The structures used in the calculations of the barriers in region I were generated by running 200-ps molecular dynamics simulations on the relaxed native structure and saving structural files each 5 ps, thus generating a total of 40 starting conformations. To generate the structures for region II, we started by taking randomly simplified structures from the lowest energy portion of the folding landscape (Fig. S1). Next, we added the side chains to these simplified structures, while minimizing the distance between the simplified side-chain center and the new explicit side-chain center. Next, minimization and relaxation of the side chains were performed with the explicit model. Finally, we replaced the TSA by the substrate for the catalytic reaction (chorismate) and evaluated the free-energy barriers. Because the simplified model can only generate near native structures, region II is different from the exact native region and represents a region where the catalytic groups are not oriented perfectly. The same procedure was followed in the treatment of structures from region III (Fig. S1).

The experimentally observed activation barriers for the monomer and dimer are ≈16.9 and 16.3 kcal/mol (15), respectively. These can be compared with the calculated activation barriers and the probability of finding them within the population of the sample region (Fig. 4). As seen in Fig. 4, the lowest barriers are found in the native region (region I) for the monomer and the dimer, but we also found low barriers in region II. Interestingly, it appears that the monomer has a larger region with catalytic configurations than the dimer. That is, in the monomer we find a large probability of having barriers in the 16–18 kcal/mol range in region II, whereas the probability of encountering low barriers in the analogous region for the dimer is quite low. In region III, the probability of obtaining low activation barriers is zero in both systems.

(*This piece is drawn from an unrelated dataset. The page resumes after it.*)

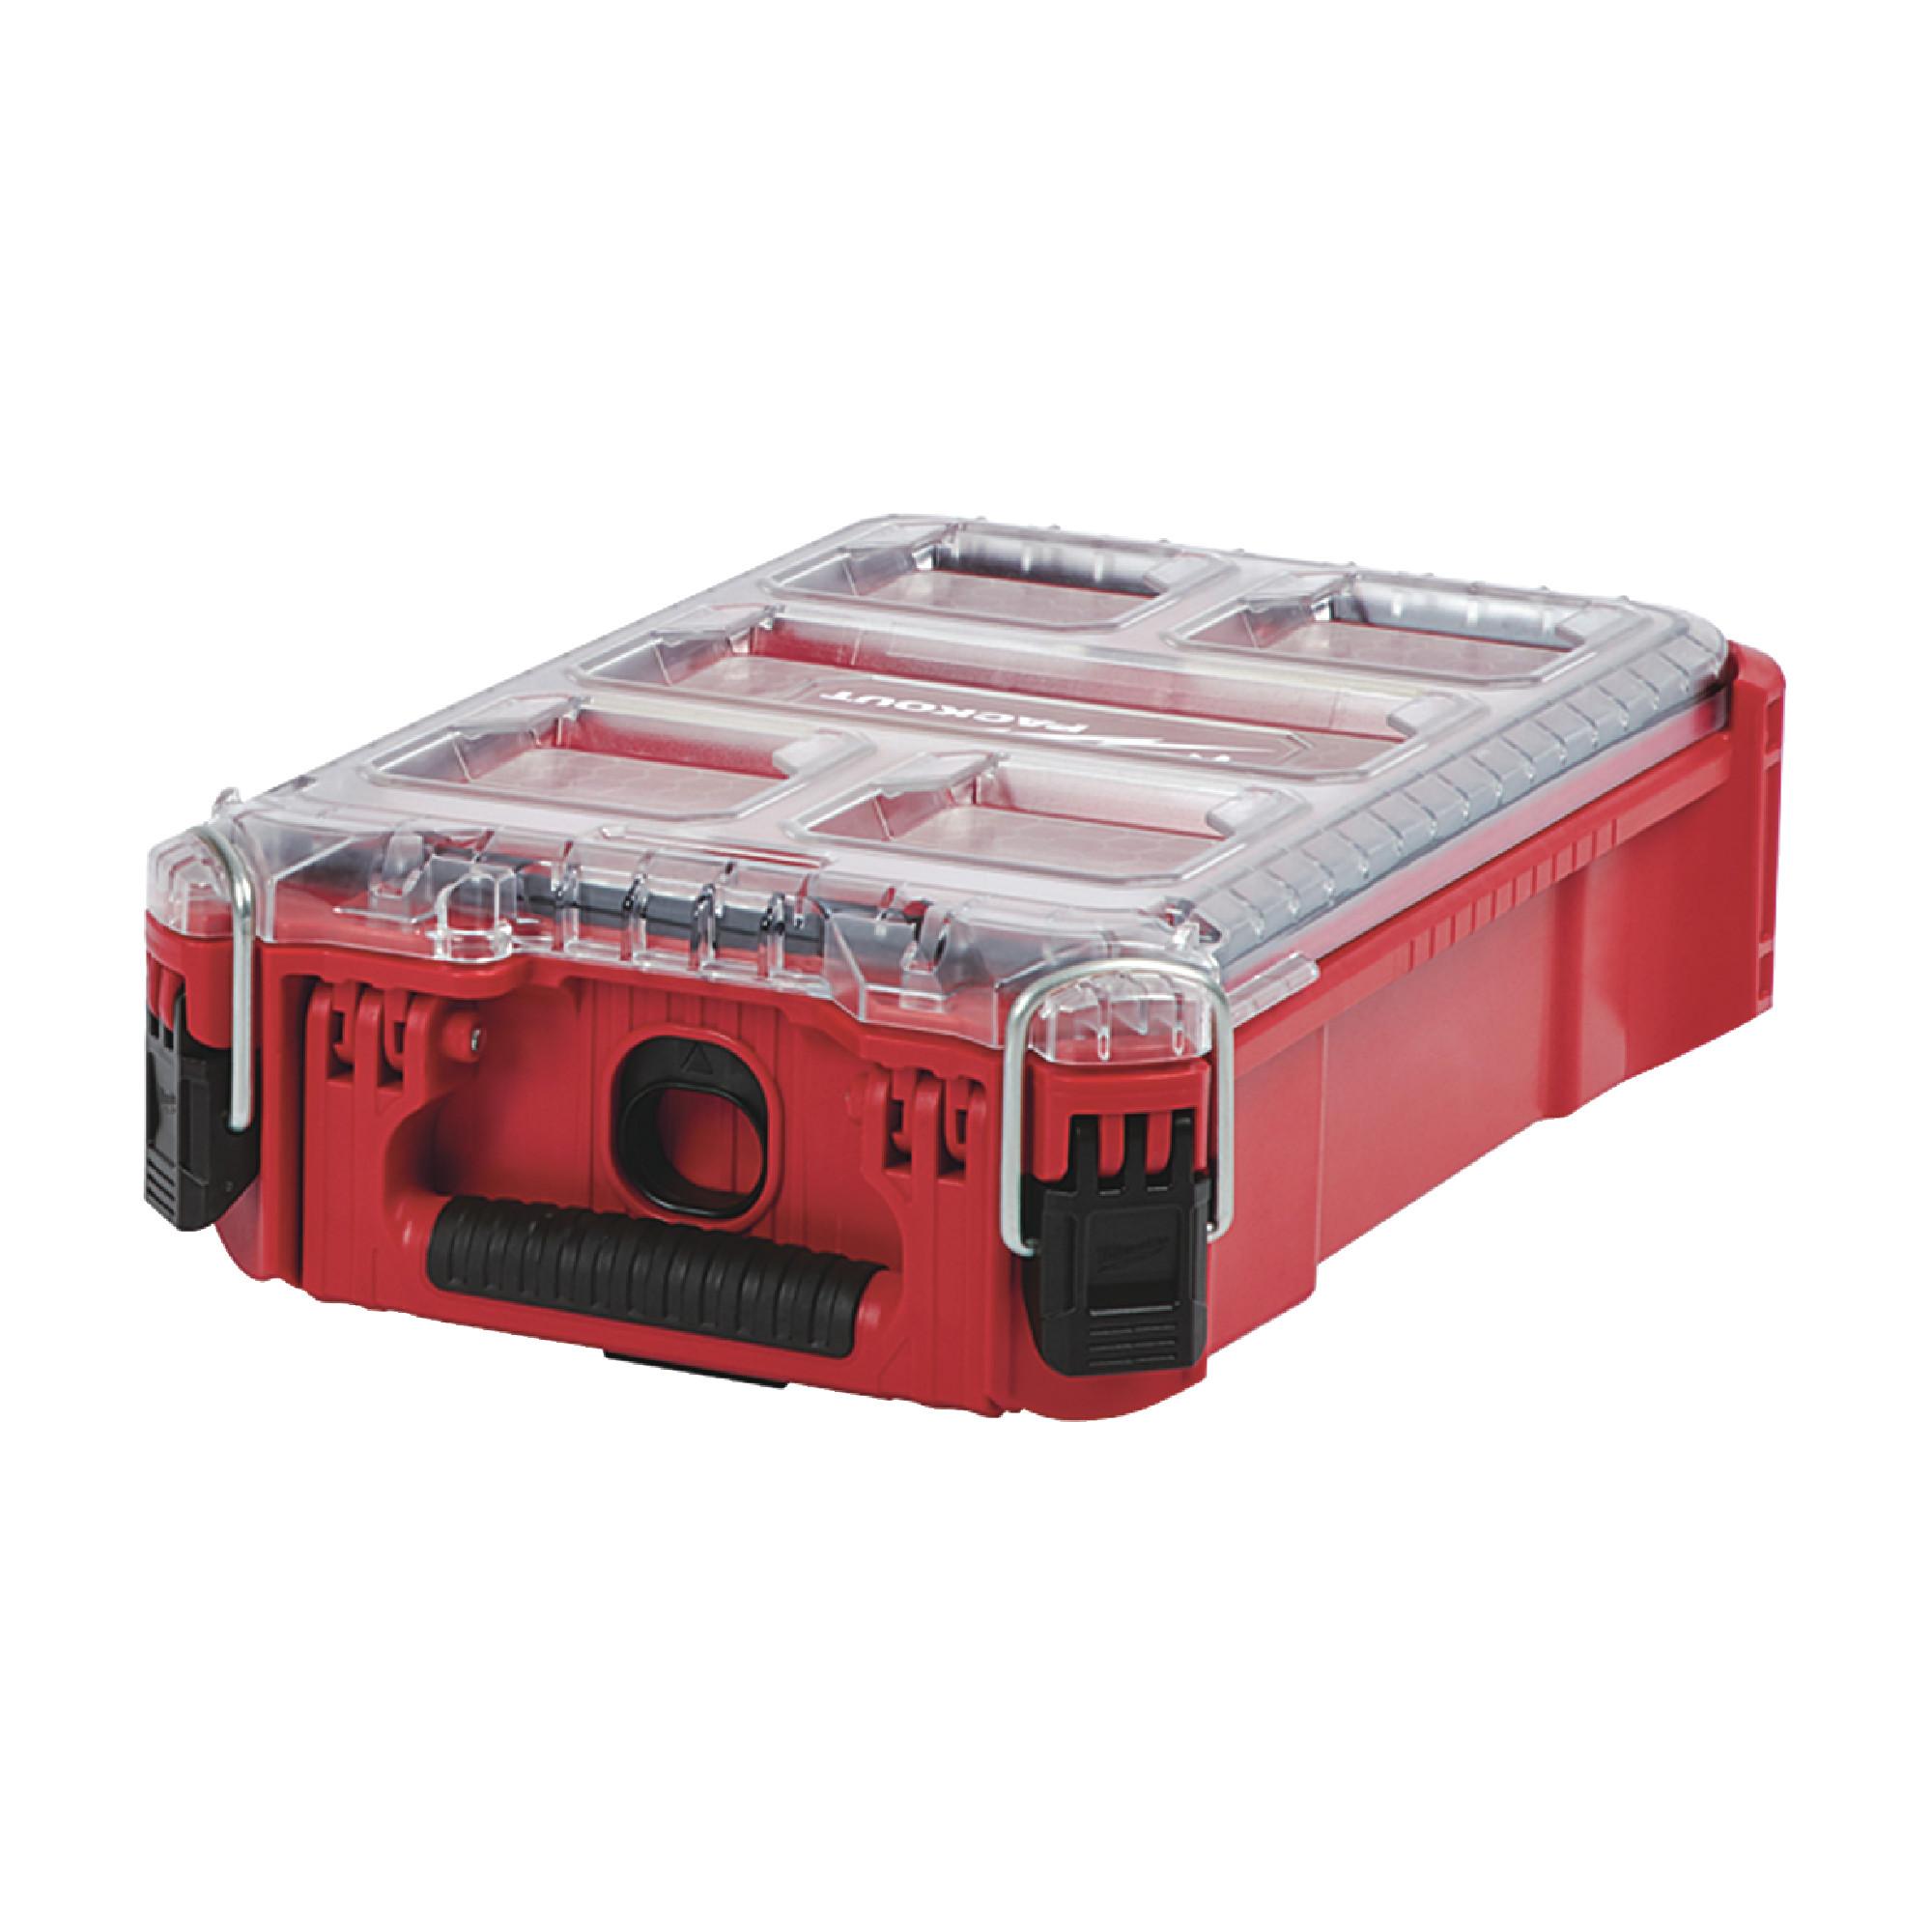 MILWAUKEE PACKOUT Compact Organizer

Fig. 4. — The distribution of activation barriers for the monomer (A) and dimer (B) for different regions of the folding landscape. Region I was generated from the native mMjCM and EcCM structures; region II corresponds to low energy structures obtained by the simplified model (Fig. S1); and region III corresponds to higher-energy structures from the simplified landscape (Fig. S1). The average rmsd of structures in these regions are 0.9, 3.6, and 5.3 Å, respectively. The figure presents the probability of having a given value of the activation barrier (Δg^‡) as a function of the value of the activation barrier.

To further understand the nature of the catalytic effect in the different regions of the landscape we evaluated the reorganization free energies (λ) in different regions. As clarified in SI Text and ref. 8, λ is the free energy released if we start at the product state in the reactant structure and let the protein relax to the product structure (see Fig. S2). Because the changes in λ should be reflected in the activation free energy (Δg^‡) (SI Text), we examined the correlation between the Δg^‡ and λ values (Fig. 5) for both the monomer (Fig. 5A) and dimer (Fig. 5B). As seen in Fig. 5, the regions with low catalytic efficiency involve large reorganization in the direction of the reaction coordinate (the calculated reorganization energy is evaluated along the reaction coordinate), which means that although we have a large accessible landscape only a small part of it provides the needed small reorganization energy.

Fig. 5. — The correlation between the calculated activation barriers (Δg^‡) and the calculated reorganization energy (λ) for the monomer (A) and the dimer (B). See also Fig. S2. The large value of λ reflects very large intramolecular contributions.

Finally, we considered the overall nature of the catalytic landscape (which corresponds to k_cat) by sorting the activation barriers according to the rmsd of the atomic positions from the corresponding positions in the explicit native structure (this is possible because all of the activation barriers were calculated by using an explicit model regardless of the way the initial configuration was generated). The results of this analysis are depicted in Fig. 6. Fig. 6 arranges the free-energy profiles with arbitrary equal spacing and thus can only be considered as a qualitative description of the actual catalytic landscape (more quantitative ordering is given in Table S1). To reach more quantitative conclusions, the free energy of the different configurations in the reactant state was also estimated (SI Text). We have not determined the barrier for motion on the TS ridge between the different configurations considered in Fig. 6, so this challenging task is left for subsequent studies. However, our tentative landscape is clearly instructive. For example, as seen in Fig. 6, the catalytic configurations (with low barriers) for the WT EcCM dimer are confined to the native region, whereas the catalytic landscape of the monomer is more extended with some catalytic configurations in region II. That is, in the case of the monomer we have several low barriers in region II, whereas in the case of the dimer all of the barriers in the second region are significantly higher than those in the native region and thus cannot help in the catalytic process. The implications of the present findings are discussed below.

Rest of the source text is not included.